With a digital research paper organiser, you can put research papers in a very systematic way. It makes sure that every part, including the intro, thesis statement, methodology, findings, and conclusion, is all clear and connected in a logical way. Such tools have a super easy interface that lets you outline your paper, organise sections, and add content without any hassle.

No doubt, it can make your study experience better. But what else can help you when you are working on a research project? Actually, turning to research paper writing services and an online research paper writer in a digital organiser could be great helpers. These services can assist you a lot, ensuring that your content meets high academic standards. By the way, have you heard about apps for research organisation? If not, keep reading! Here is the list of them. 

Zotero is a super handy companion. This research paper organizer helps you gather and organise all your research stuff, store PDFs, and make citations in different styles.

  • Collect and organize materials.
  • Store and sync PDFs.
  • Generate citations in various styles.
  • Collaborate with groups.
  • Create bibliographies.
  • Web browser integration for easy reference capture.

EndNote makes faster to organise and manage your references. It’s got features for formatting citations, searching online databases, and working together with your buddies.

  • Organize and manage references.
  • Format citations and bibliographies.
  • Search online databases.
  • Collaborate with others.
  • Import PDFs and annotate.
  • Sync with the desktop version.

ReadCube is one of the best best research apps. It is all about making your reading experience better by organising and annotating academic papers. It also has cool features for students to find more articles on the same topic.
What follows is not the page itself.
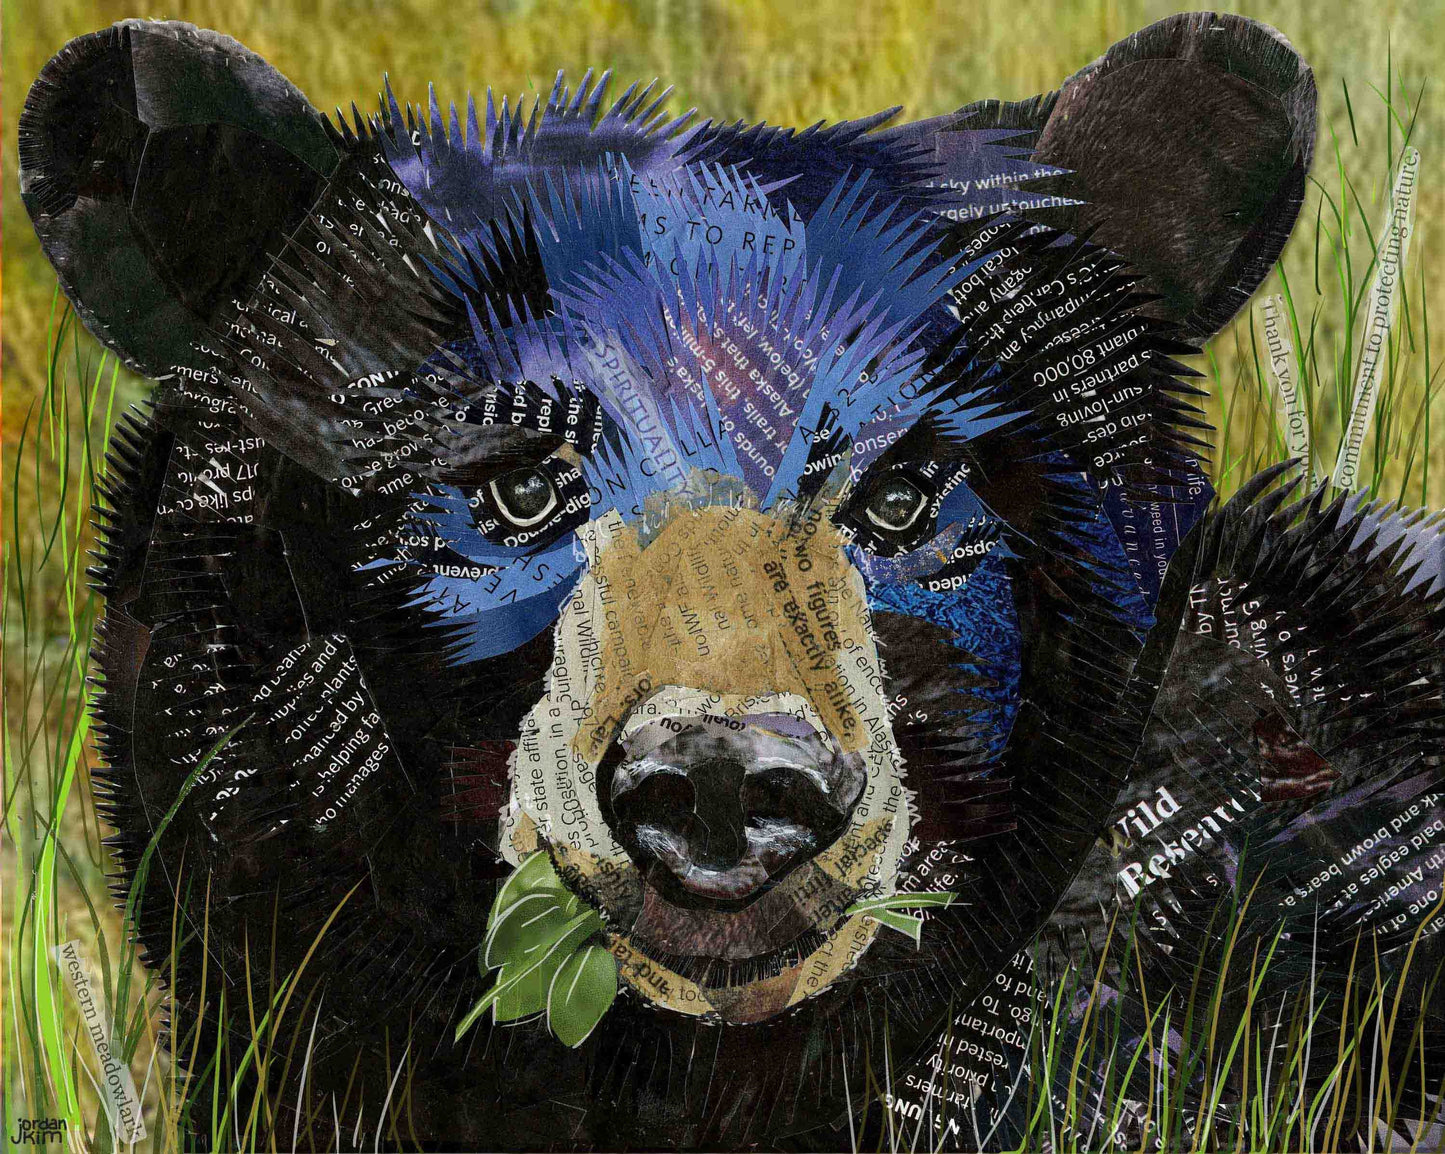 Greeting Card of a Paper Collage of a Black Bear Eating Grass - Inspirational - Blank Inside

  • Import and organize academic papers.
  • Annotate and highlight text.
  • Access supplementary materials.
  • Discover related articles.
  • Sync across devices.
  • Built-in reference manager.

Papership is a research app for students that integrates with other cool Android apps for students, including Mendeley, Zotero, and CiteULike. It offers advanced features for organizing, reading, and annotating research papers.
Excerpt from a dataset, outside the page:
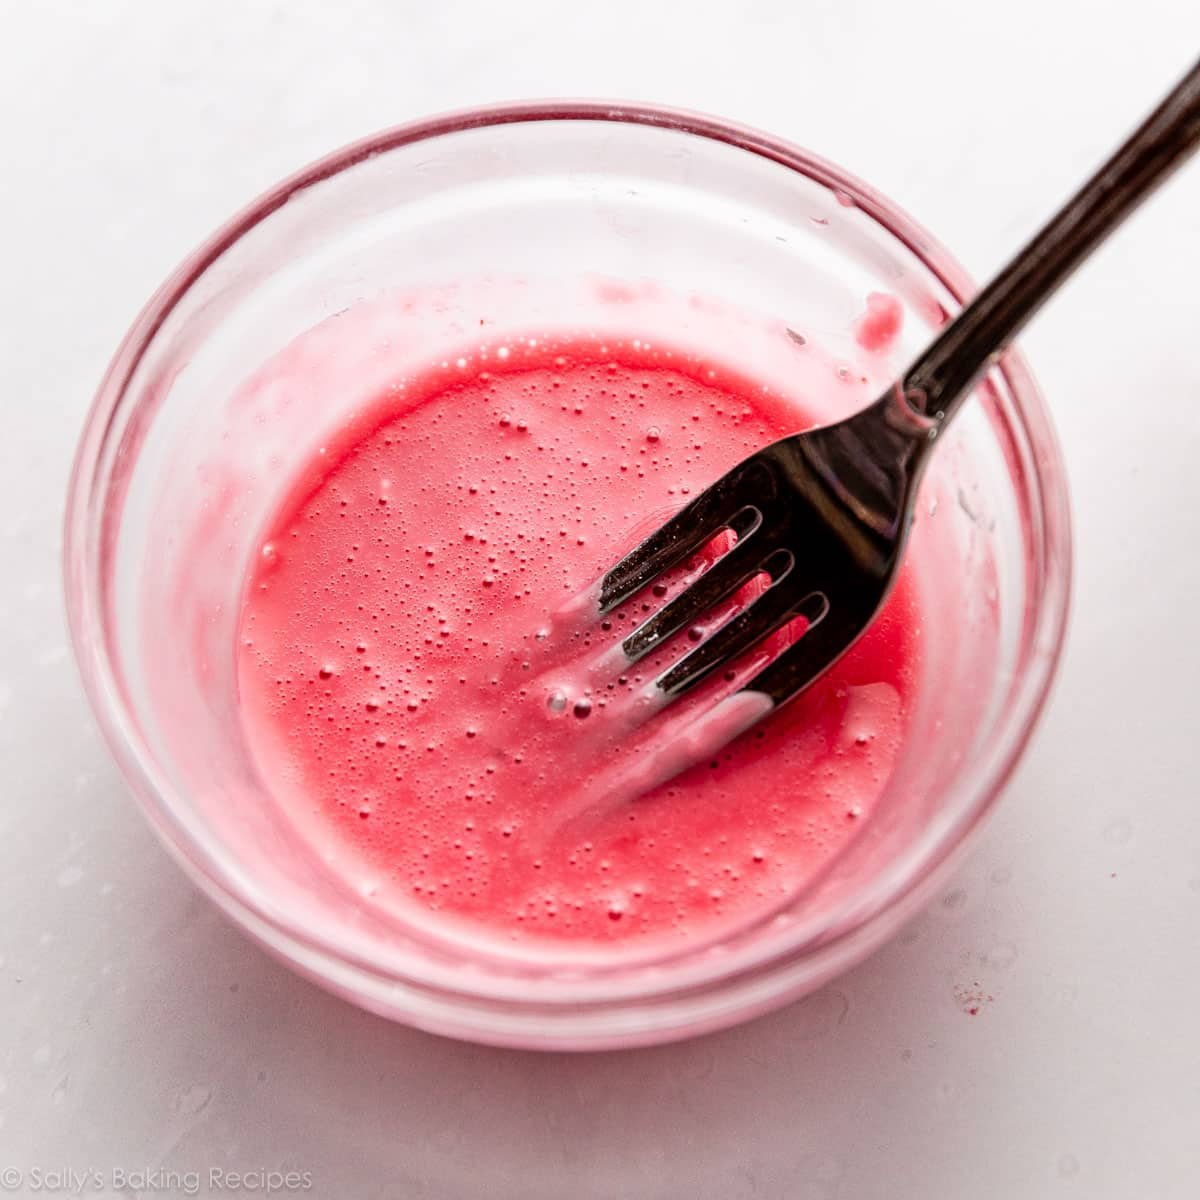 fork mixing a pink mixture in a small glass bowl.

  • Integration with Mendeley, Zotero, and CiteULike.
  • Organize and read research papers.
  • Annotate PDFs.
  • Synchronize with reference libraries.
  • Collaboration features.
  • Advanced search capabilities.

RefME makes citing sources super easy with instant citation generation. It also has cool features for scanning book barcodes and working together on citations.

  • Generate citations instantly.
  • Scan book barcodes for references.
  • Collaborative citation creation.
  • Export citations to various formats.
  • Cross-platform synchronization.
  • Access reference materials on the web.

The Best Ways to Use Research Applications

Just having research organization tools is not enough. You gotta use them effectively if you wanna get all the sweet benefits. We’re gonna show you how to get the most out of your research organising app. 

Step 1: Pick the app that’s right for you

Before you can start using research apps for your education, you gotta pick the one that suits you best. There are a bunch of great options like Zotero, Mendeley, EndNote, RefWorks, and ReadCube, and more. Make sure the app you pick:

  • matches your goals
  • supports your citation style
  • has the tools you need for taking notes, managing PDFs, and organising references.

Step 2: Get your stuff together

Once you’ve picked your app, it’s time to start getting your research stuff in order. Start off by importing or adding all your stuff like documents, articles, PDFs, and references into the app’s library. Most apps let you drag and drop files or have browser extensions to save web articles. Make sure you use the same naming style for your files so you can find them easily later on.

Step 3: Make a nice folder structure

Put all your research stuff into folders or categories that make sense to you. You could make folders for different research projects, topics, or chapters, depending on what you need. Having a good folder structure is gonna make it way easier for you to find the docs you need for writing.

Step 4: Add some tags and keywords

Most research paper writing apps have tagging and keyword stuff. Use these tools to slap on some tags or keywords that actually make sense for your documents. This makes finding specific info must faster. Make sure you tag stuff consistently so our database stays organised.

Step 5: Annotate and highlight

Lots of research apps let you annotate and highlight text right in the documents. Just use these features to:

  • mark important parts
  • highlight the main points. 

Step 6: Sync on all your devices

To make things super easy, just sync your research app on all your devices – your computer, tablet, or even your phone. This way, you can get to your research materials wherever you go, so you can work on your projects without any interruptions.

Step 7: Keep up with the latest info

Keep updating your research paper writing app to the latest version so you can get all the cool bug fixes, security upgrades, and new features. Note that using old software can cause problems like stuff not working together or losing your data, so it’s super important to keep everything up to date.

Step 8: Work together with other people

If you’re working on a project with others, there are apps that can help you stay organised and collaborate with each other. Why not invite your colleagues to check out and add to your research stuff? 

Step 9: Make sure you back up all your data, just in case

Apps usually have backup features, but it’s always a good idea to make extra backups , especially for important information. You might wanna think about using cloud storage or external hard drives for some extra security.

Wrapping Up

If you’re a student, academic, or just someone doing research, apps can change how you do things in a root . They’ll save you time and make you way more productive.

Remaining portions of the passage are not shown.